# Please explain tail flagging



## moday (Oct 10, 2007)

I can't tell ever when our two does are in heat.

Last year we bred one, and it didn't take.

Want to breed two this fall to have kids in early March (Michigan).

We don't have a buck, so have to drop the does off at one of two local bucks.

Hope for better luck this year.

Please help me know what to look for.

If we see clear discharge one afternoon, does that mean to get the does to a buck that day, or too late and wait 3 weeks?

Thanks in advance.


----------



## Sweet Gum Minis (Oct 6, 2007)

If possible you can try a buck rag. Have someone with a big smelly buck rub it all over him or in his urine and keep it in a jar. Test your does with it each day. If they start wagging their tails (flagging) at it then they're in heat. Another thought is to press on her hips a little to simulate the pressure of a buck mounting. They often flag a lot when that happens. Does in heat will carry on a lot sometimes. Each doe is differnet though. Some are shy, some are vocal, some are riders, other are ridden. Each heat can be different too. Some heats they snort, grunt and act bucky. Other times they maybe just subdued.


----------



## liz (Oct 5, 2007)

Ashley covered it! A buck rag would greatly benefit you as mid October breedings will give you those mid March kids, get one "done up" now so that you have it to test your does when the time comes :wink:


----------



## Zelda (May 2, 2009)

So my doeling is curling her tail so it points at the back of her head. Is that flagging???

I'm really glad someone asked about this!

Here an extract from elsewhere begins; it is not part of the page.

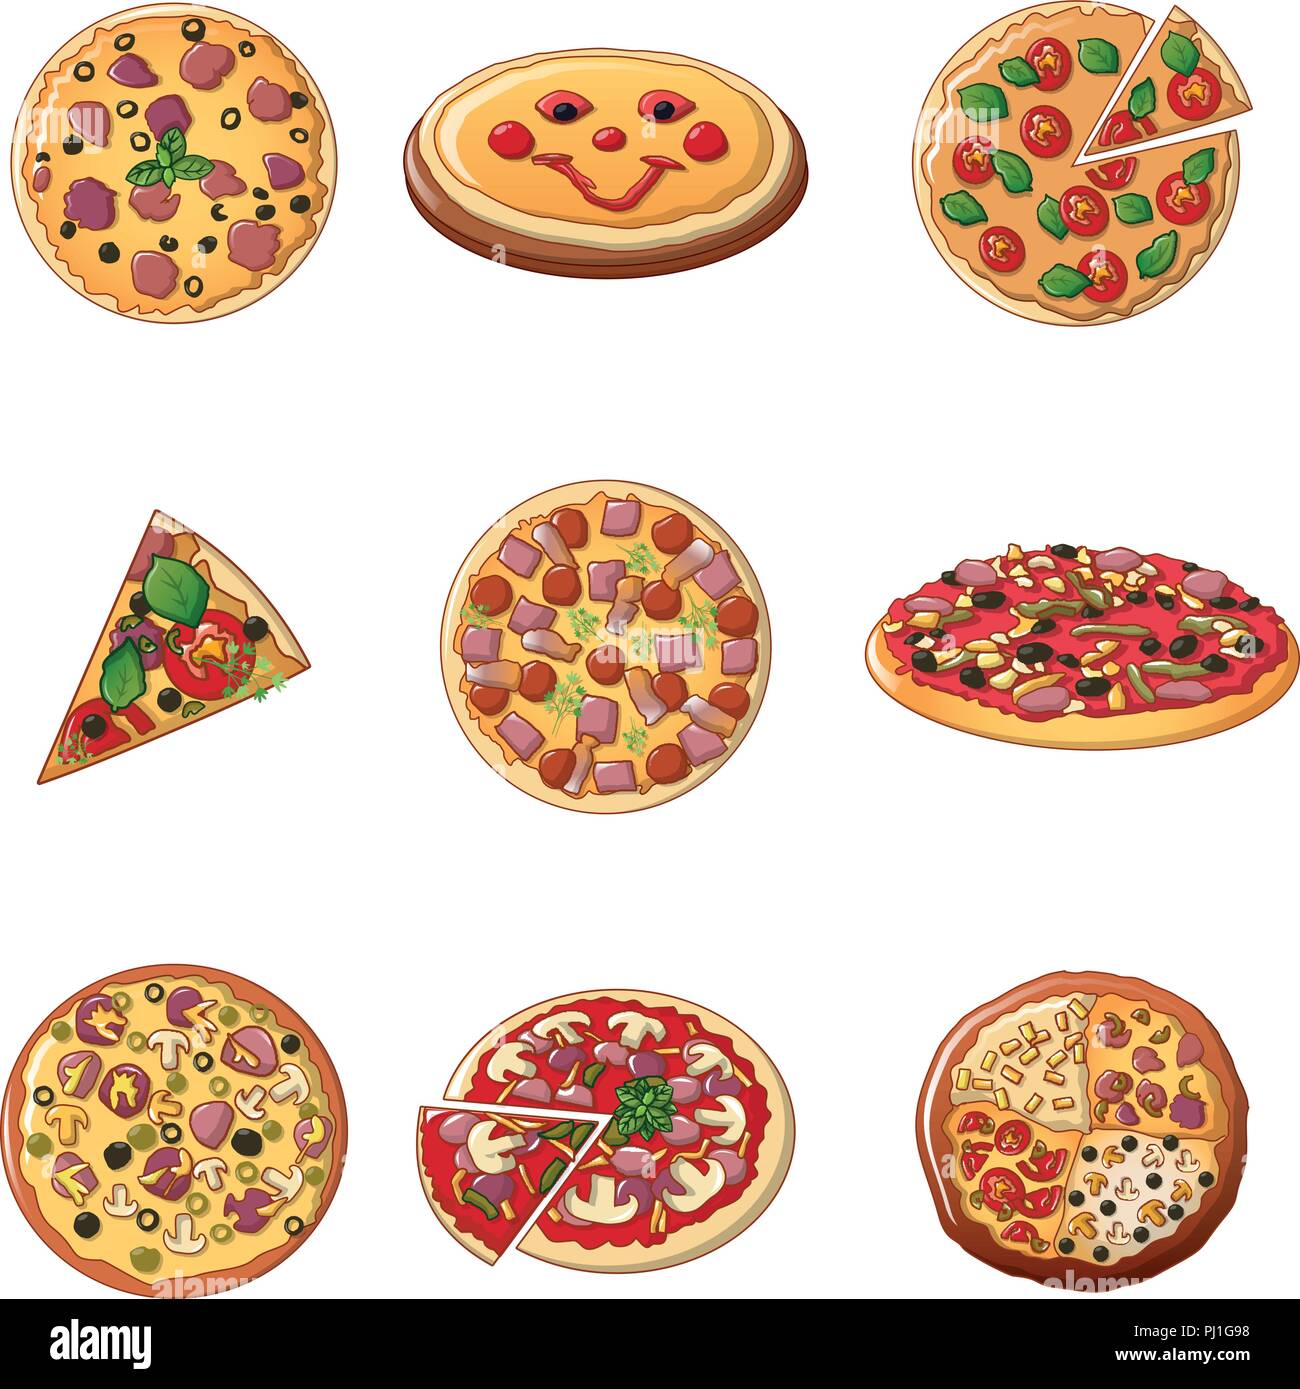 Pizza Cartoon Stock Photos & Pizza Cartoon Stock Images - Alamy
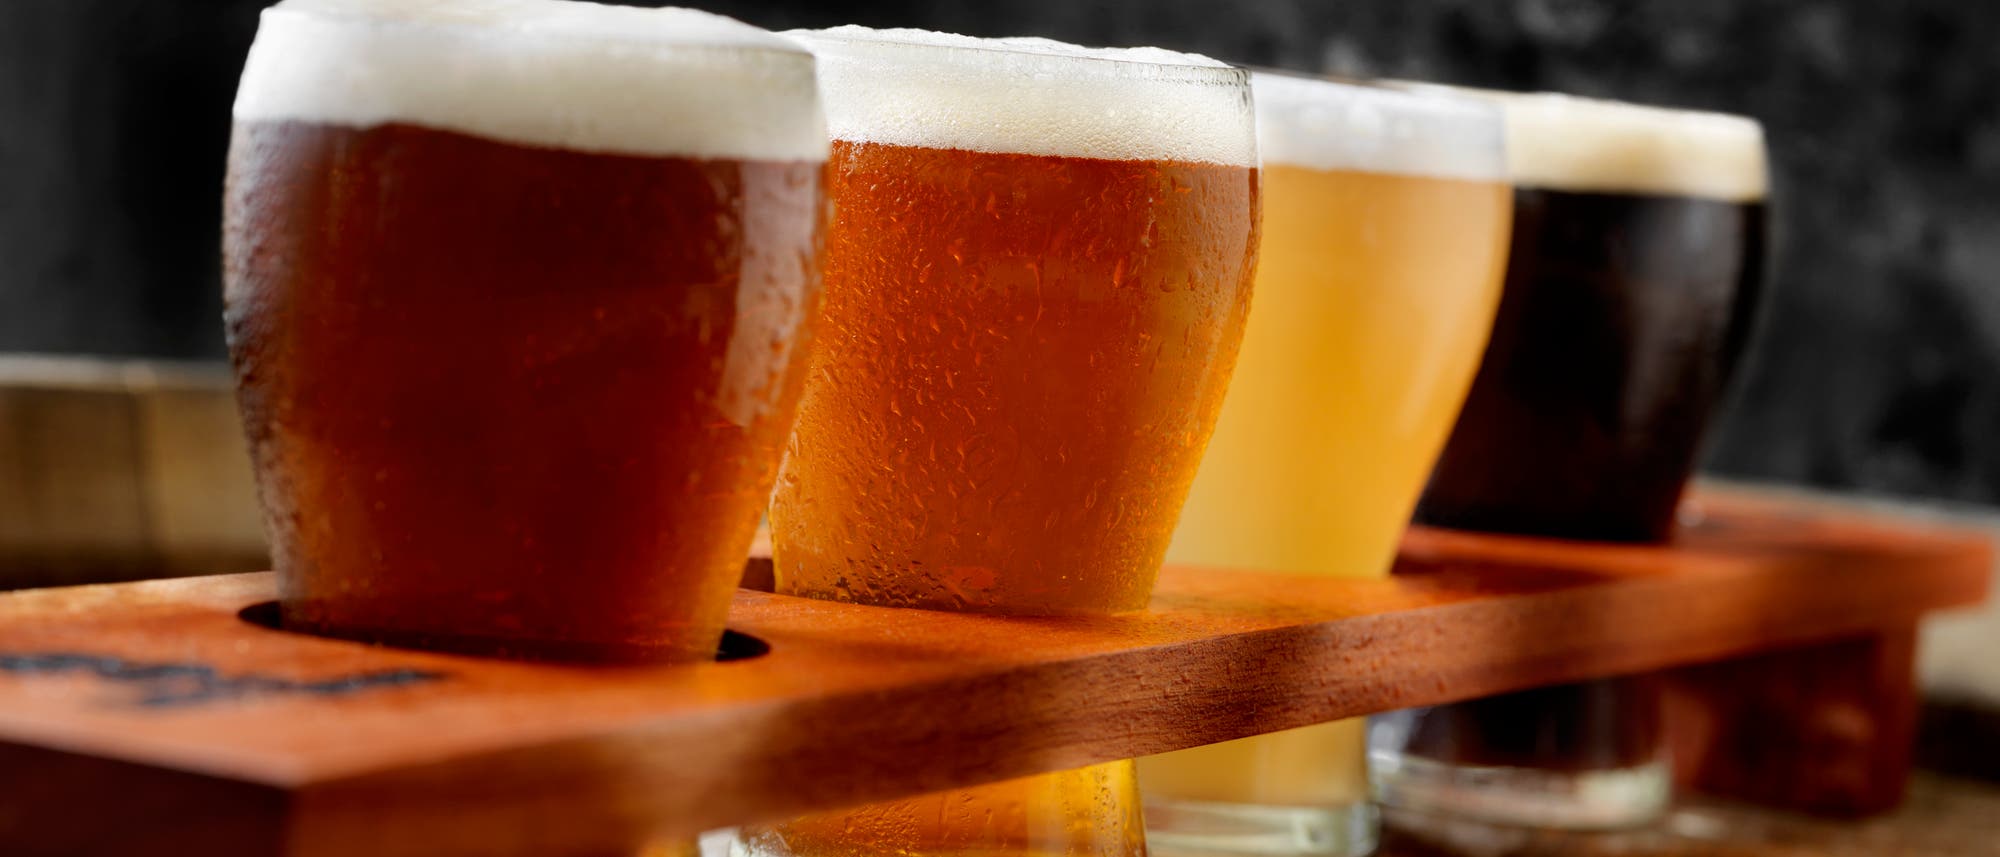 Verschiedene Sorten Bier in Gläsern.

Will does display to a wether? Sort of like a teaser gelding horse? I'd keep a wether if it would help with determining when the girls are in heat (I wanna pack goat). (Wait - is this how the goat collecting insanity starts?????)


----------



## nancy d (Oct 5, 2007)

It can point straight down their back or straight up usually, accompanied by wagging.
Yep a wether can be a teaser altho he's not gonna have that wonderful urine smell to his buck-lessness.
And if he's been disbudded he wont have the proper aroma in the girls mind.


----------



## StaceyRosado (Oct 5, 2007)

they usualy stick it straight up and then wag the tip from side to side. Really looks like they are flagging something down. Mine usually accompany this by standing along the fence line crying.


----------



## Sweet Gum Minis (Oct 6, 2007)

Flagging looks like a dog wagging its tail, usually fast when a bucks around or a bucky smell.


----------



## Zelda (May 2, 2009)

nancy d said:


> And if he's been *disbudded *he wont have the proper aroma in the girls mind.


The other OTHER buds? :shades: (just funnin' ya)

My Saanen wags her tail alot anyway. I've got to get a buck rag to try...


----------